Читаем Ад полностью

Все любовники мира похожи: они случайно влюбляются; они видятся, и привязаны друг к другу чертами их лиц; они будто озаряются друг другом через страстное предпочтение, сравнимое с безрассудством; они подтверждают реальность иллюзий; моментально они переделывают ложь в правду.

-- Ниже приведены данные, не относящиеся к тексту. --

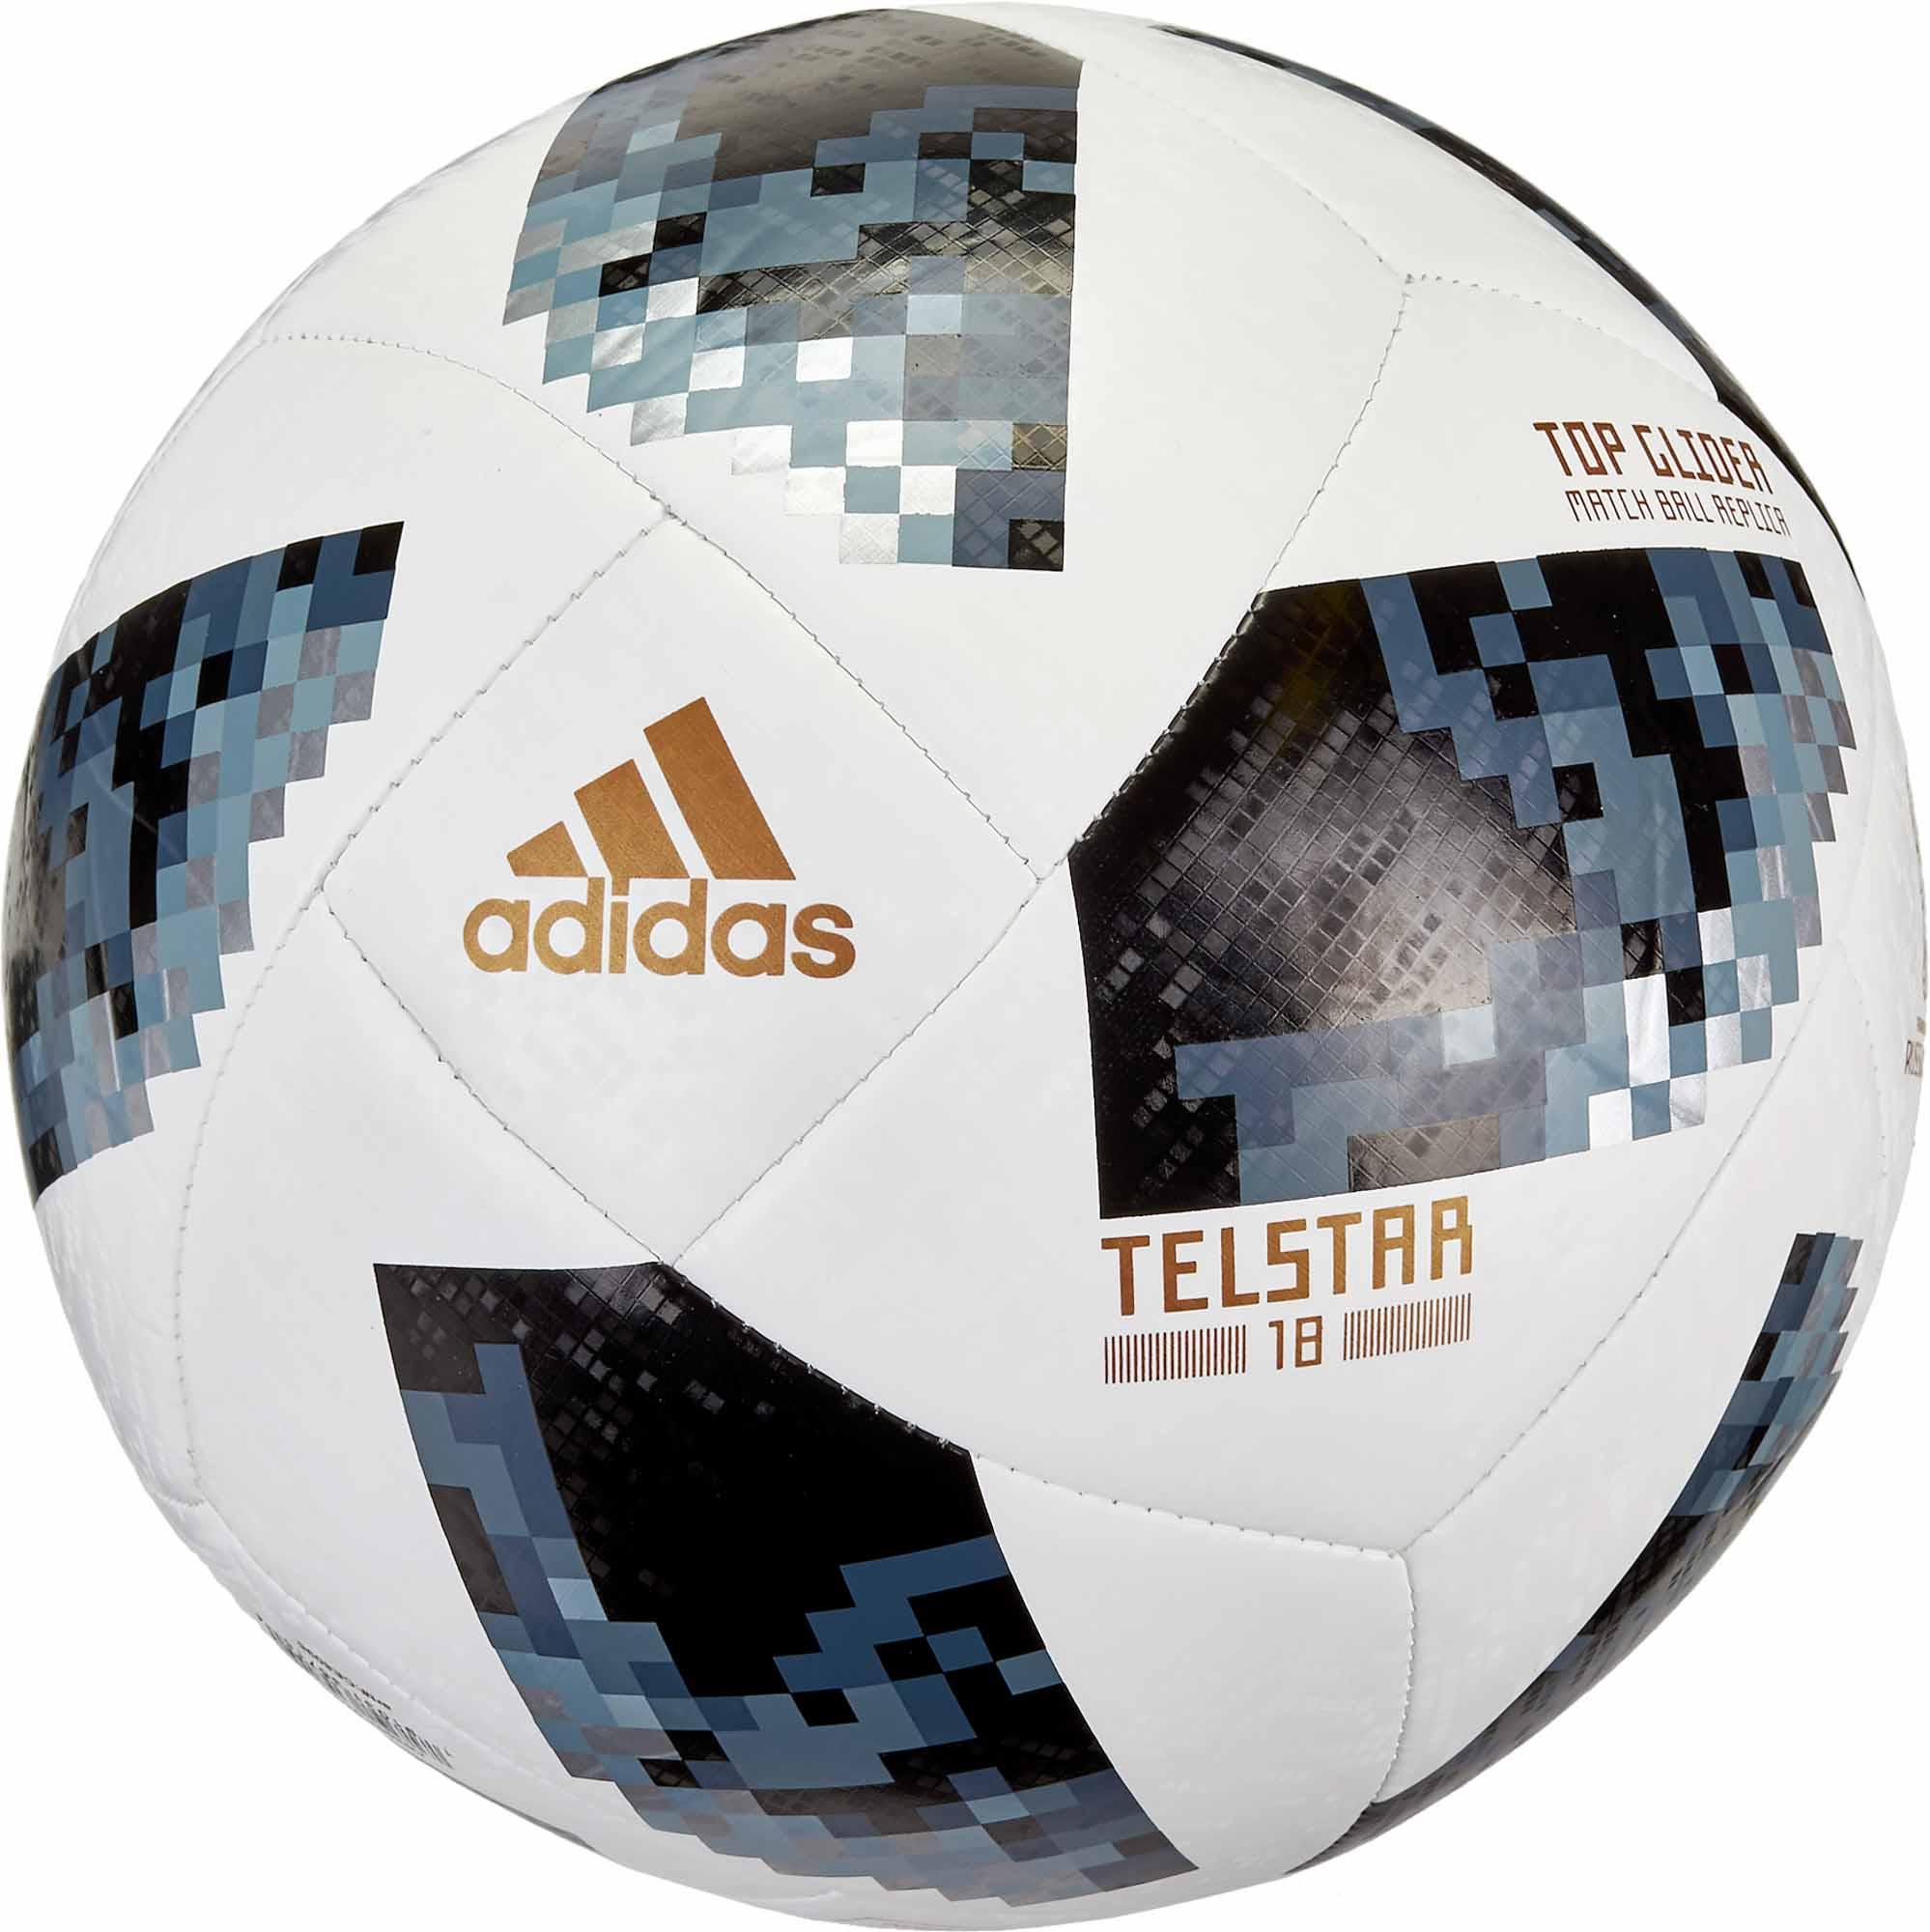 07a26c213 adidas Telstar 18 World Cup Top Glider Soccer Ball – White/Metallic Silver

И в этот момент я услышал несколько откровенно вырвавшихся у них слов:

«Ты для меня, ты принадлежишь мне. Я тобой владею, я тебя беру…

— Да, я для тебя!..»

Вот любовь вся целиком, вот она около меня, та, которая бросается мне в лицо наподобие фимиама, с её возвратно-поступательными движениями, запахом жара жизни, и которая выполняет свой тяжёлый труд доведения до слабоумия и бесплодия.

*

Диалог возобновляется, более тихо, более спокойно, и я слышу, как если бы обращались ко мне.

Сначала с трепетом, почти как во сне, произносится одна фраза:

«Я обожаю наши ночи, я не люблю наши дни.»

И разговор продолжается, с медленным монотонным перечислением доводов, рассеянно, с удовлетворённым убаюкиванием — с иногда смешивающимися и бесформенными словами, ибо два рта сближены, как пара губ:

«Днём всё рассеивается, теряется. Именно ночью нам можно по-настоящему проявить себя.

— Ах! — сказал другой голос, — мне хотелось бы, чтобы мы любили друг друга днём.

— Это будет, возможно… Позже, ах! позже.»

Слова резонируют в длительном и отдалённом эхе.

Потом тот же голос говорит:

«До скорого свидания…

— Боже мой!» — восклицает другой, с трепещущей надеждой.

Я уже слышал подобную жалобу; она настолько одинаковая, будто на земле имелось мало поводов для жалоб: «Я же так хотела светлой участи!» — пожаловалась женщина, нарушающая супружескую верность.

Потом фразами, начало которых я плохо слышу и которые у меня не соединяются одна с другой, они говорят о залитых солнцем грабовых аллеях, о парках с чёрными газонами, о больших золотых аллеях и о больших изогнутых водоёмах, таких искрящихся и сияющих в полдень, что невозможно больше на них смотреть, как на солнце.

Погружённые во тьму, сами являющиеся тенями, они несут свет; они думают о дневном свете, они берут его для себя, и это своего рода памятник синеве и лету, исходящий из них.

И чем больше они говорят о солнце, тем сильнее их голос понижается и стихает.

После более значительной и полной нежности тишины я услышал:

«Если бы тебе можно было представить, насколько тебя красит любовь, как тебя озаряет твоя улыбка!»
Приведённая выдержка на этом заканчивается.